Species of New World monkey

Stephen Nash's titi monkey (Plecturocebus stephennashi), also known as just Nash's titi or Stephen Nash's monkey, is a species of titi monkey, a type of New World monkey, endemic to the eastern bank of the Purus River in Brazil. It was discovered by Marc van Roosmalen in 2001 when local fishermen brought specimens to his breeding center.

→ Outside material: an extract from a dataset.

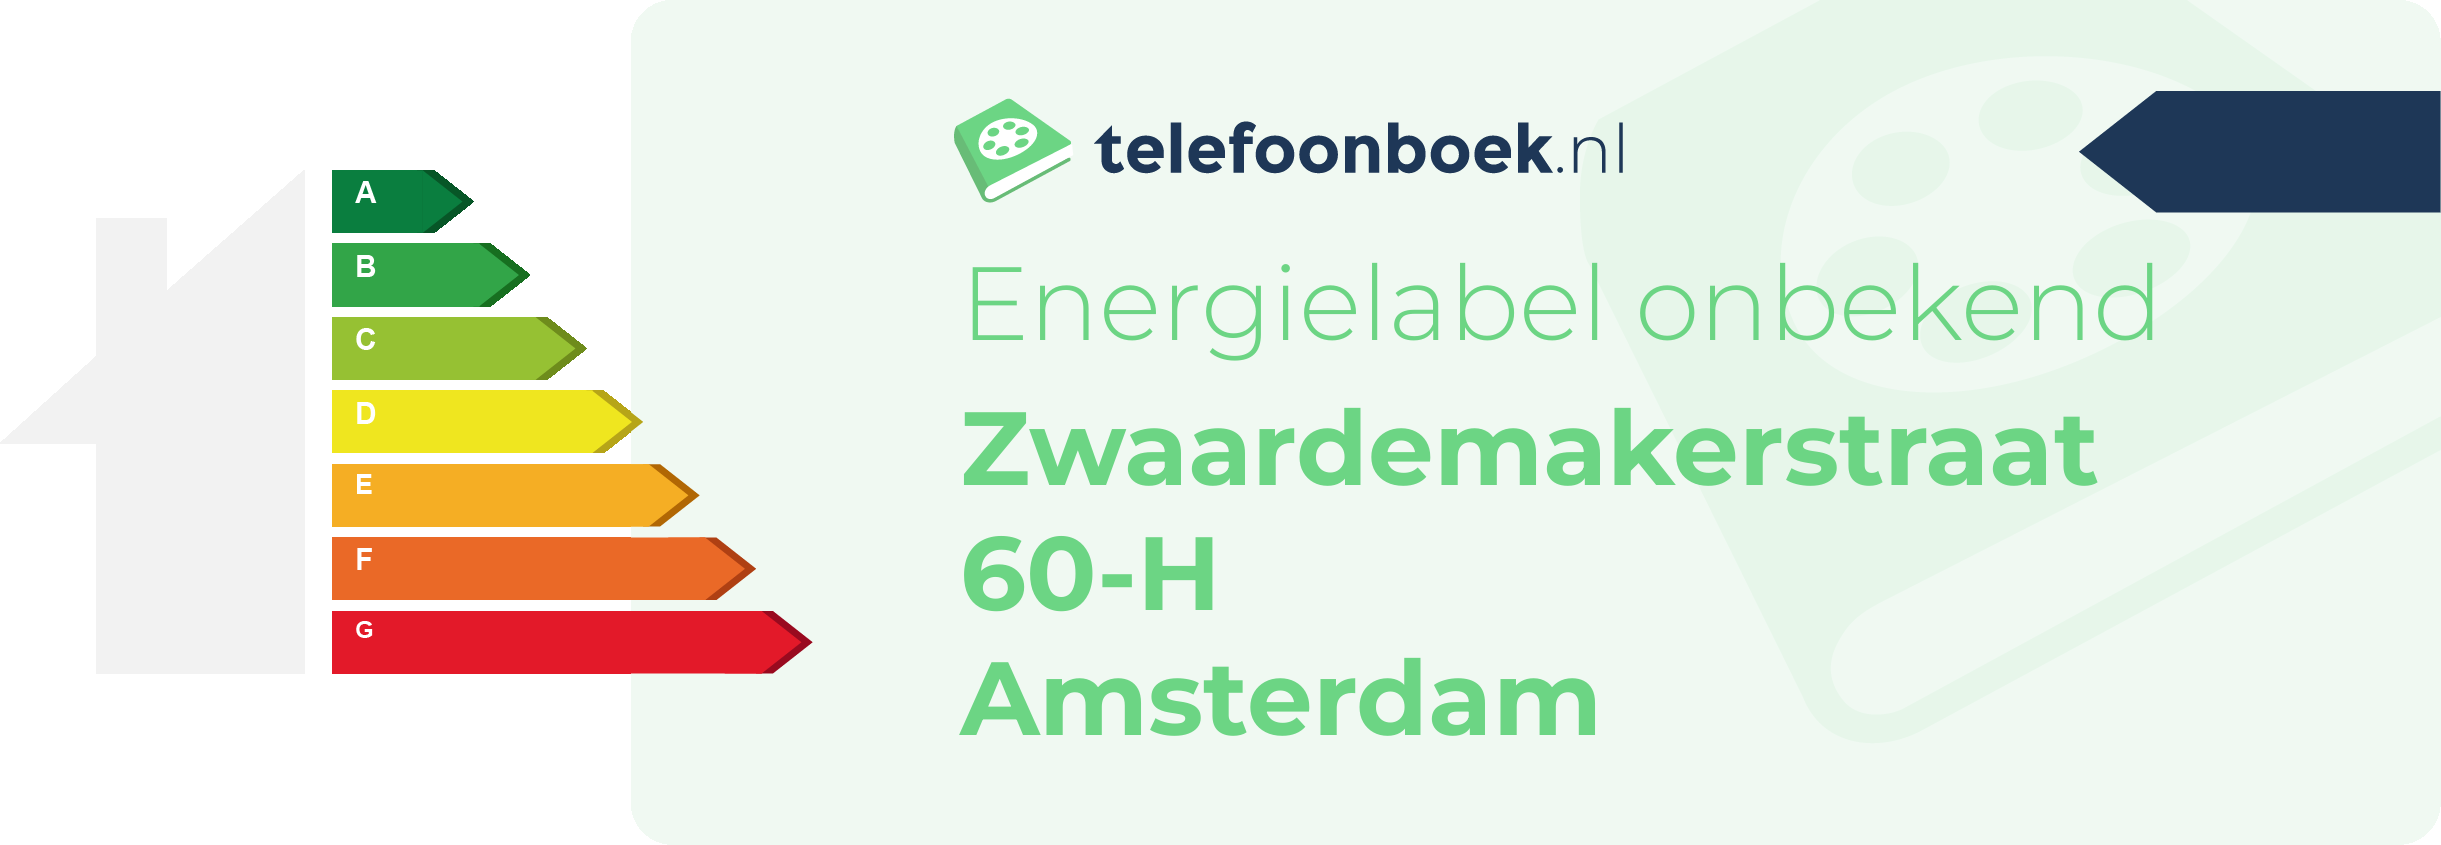 Energielabel Zwaardemakerstraat 60-H Amsterdam

It was described in 2002. It was named in honor of Stephen D. Nash, an illustrator for Conservation International, the organization that funded van Roosmalen's work. The monkey is largely silver with a black forehead and red sideburns and chest, as well as on the underside of the species' limbs. It is 28 inches long, although 17 inches is taken up by the titi's tail.